> THE DATA:

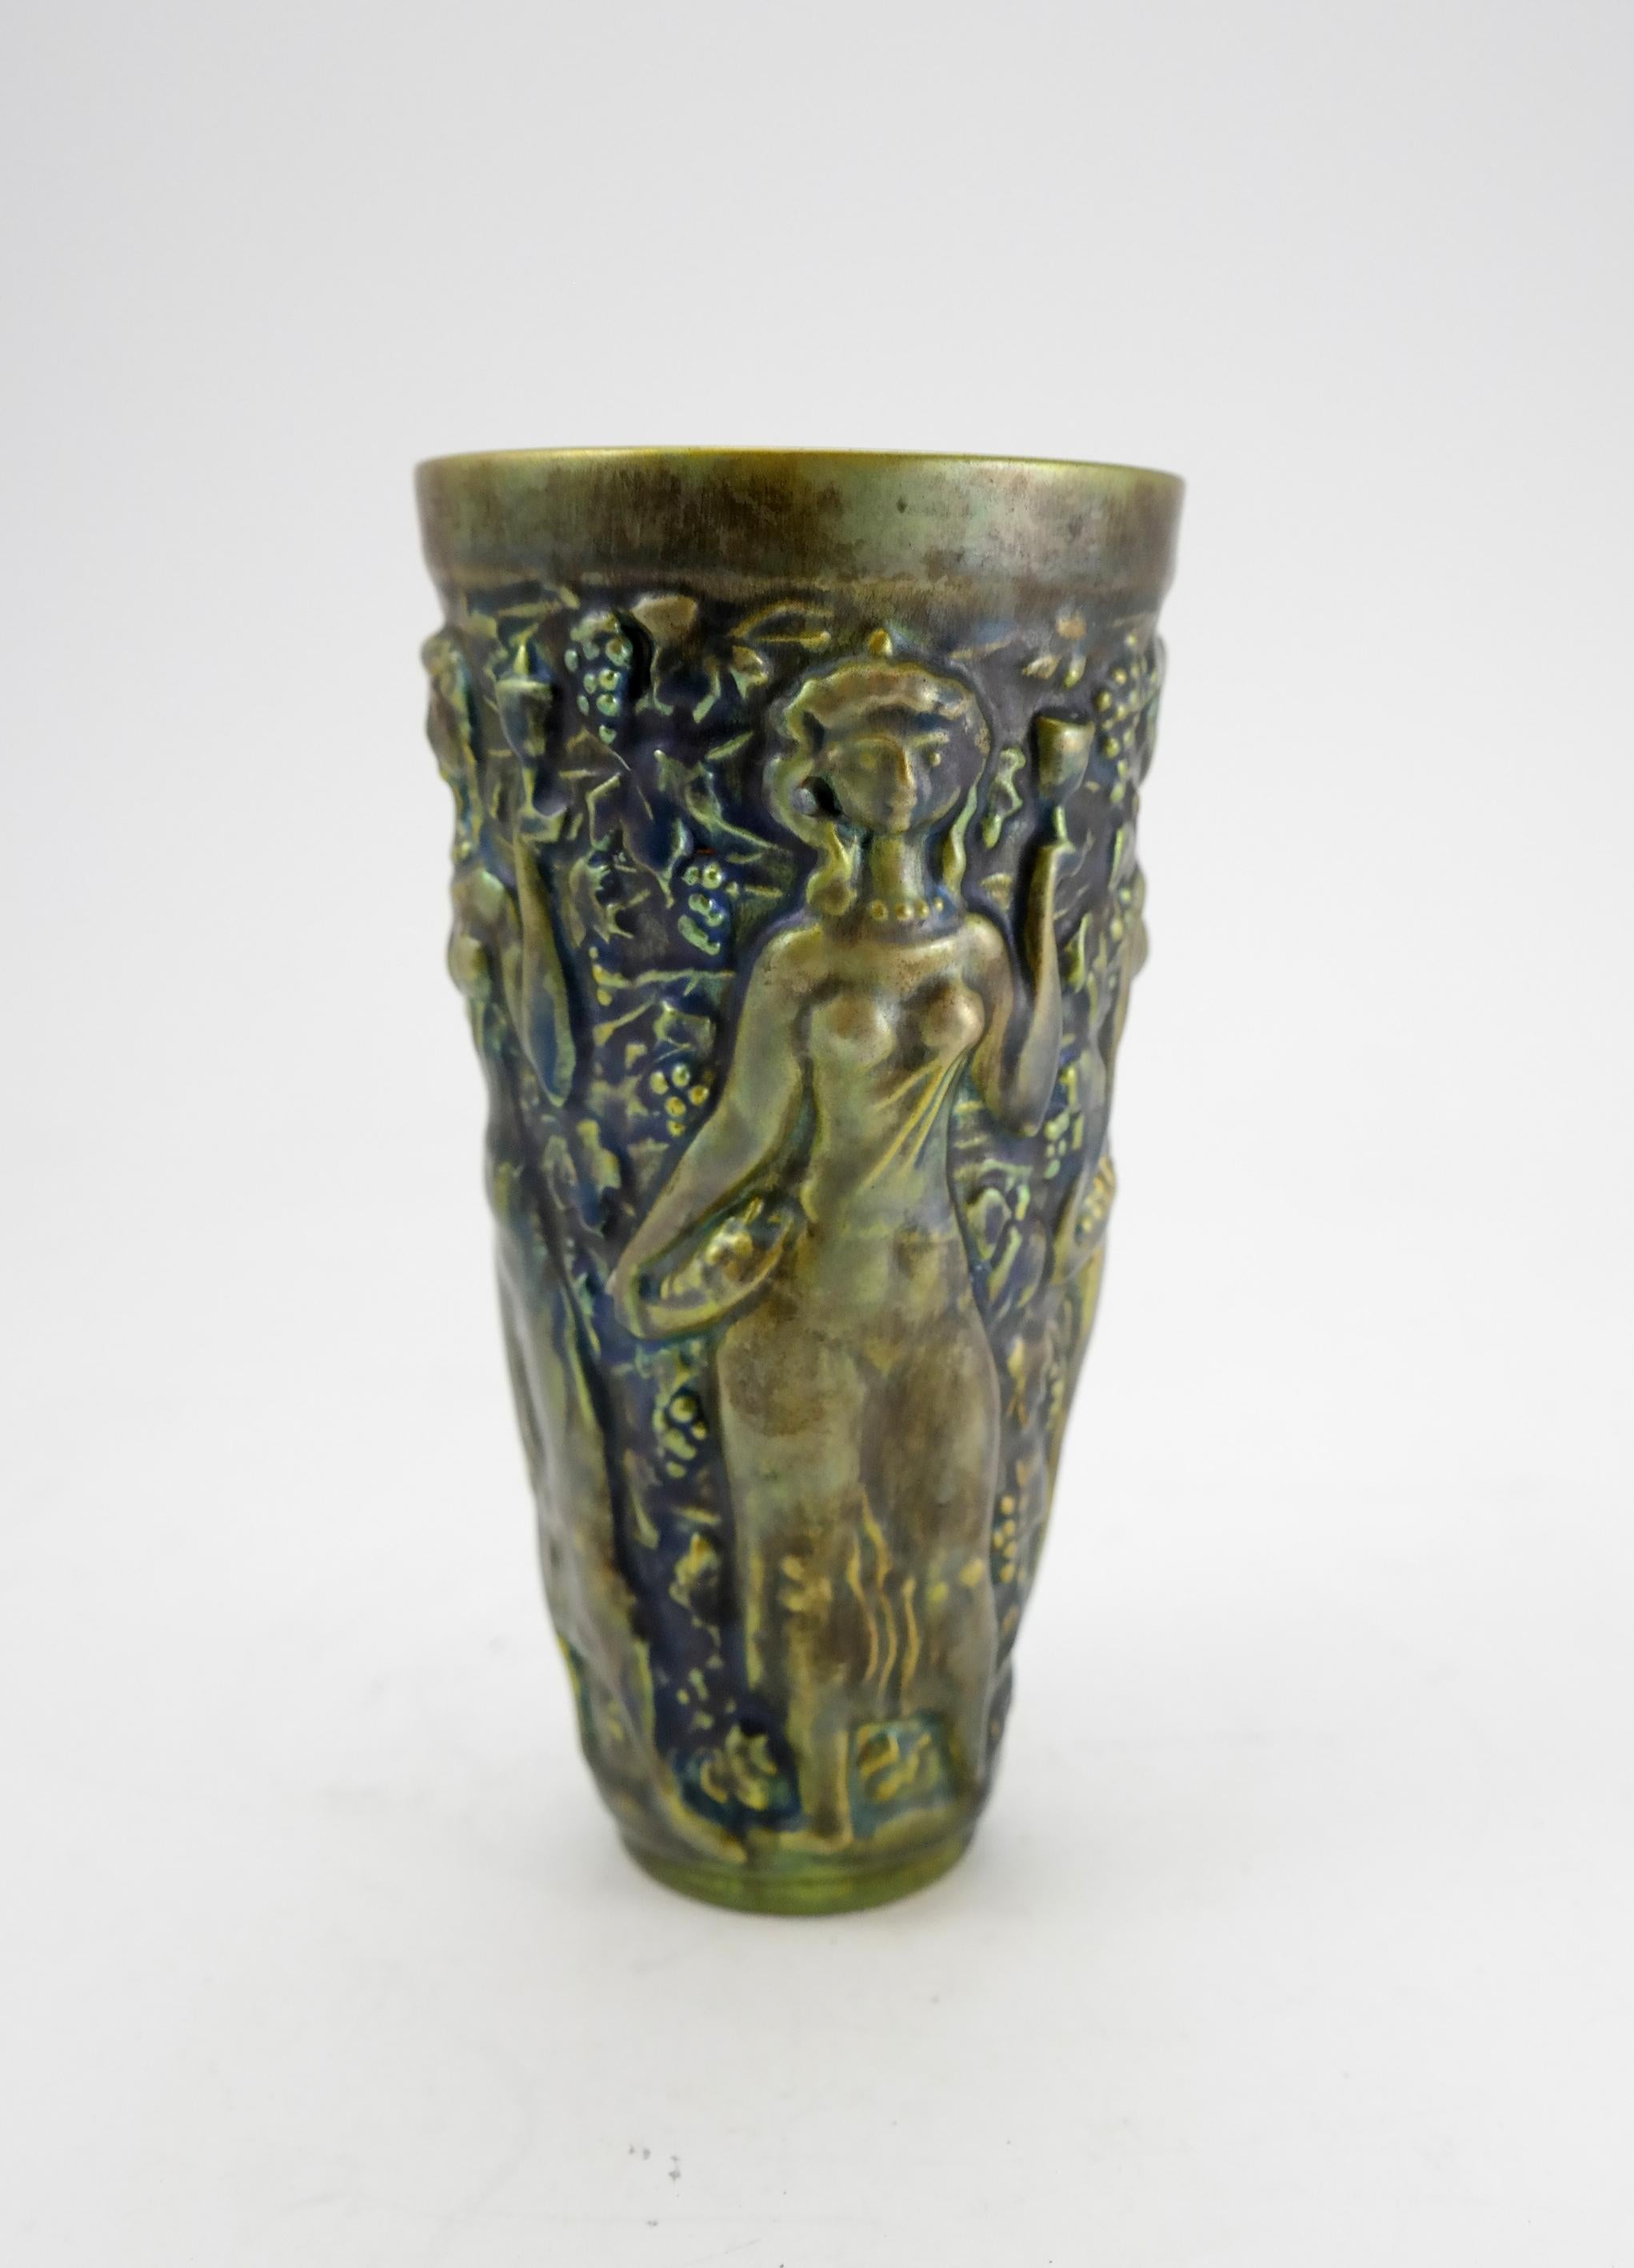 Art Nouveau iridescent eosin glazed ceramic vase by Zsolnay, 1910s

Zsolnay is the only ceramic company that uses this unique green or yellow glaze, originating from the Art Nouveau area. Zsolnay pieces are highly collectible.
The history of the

> ASSIGNMENT:
Where the data contains an image, skip the image and copy everything else exactly as it appears.

> ANSWER TO THIS PROBLEM:
 Art Nouveau iridescent eosin glazed ceramic vase by Zsolnay, 1910s

Zsolnay is the only ceramic company that uses this unique green or yellow glaze, originating from the Art Nouveau area. Zsolnay pieces are highly collectible.
The history of the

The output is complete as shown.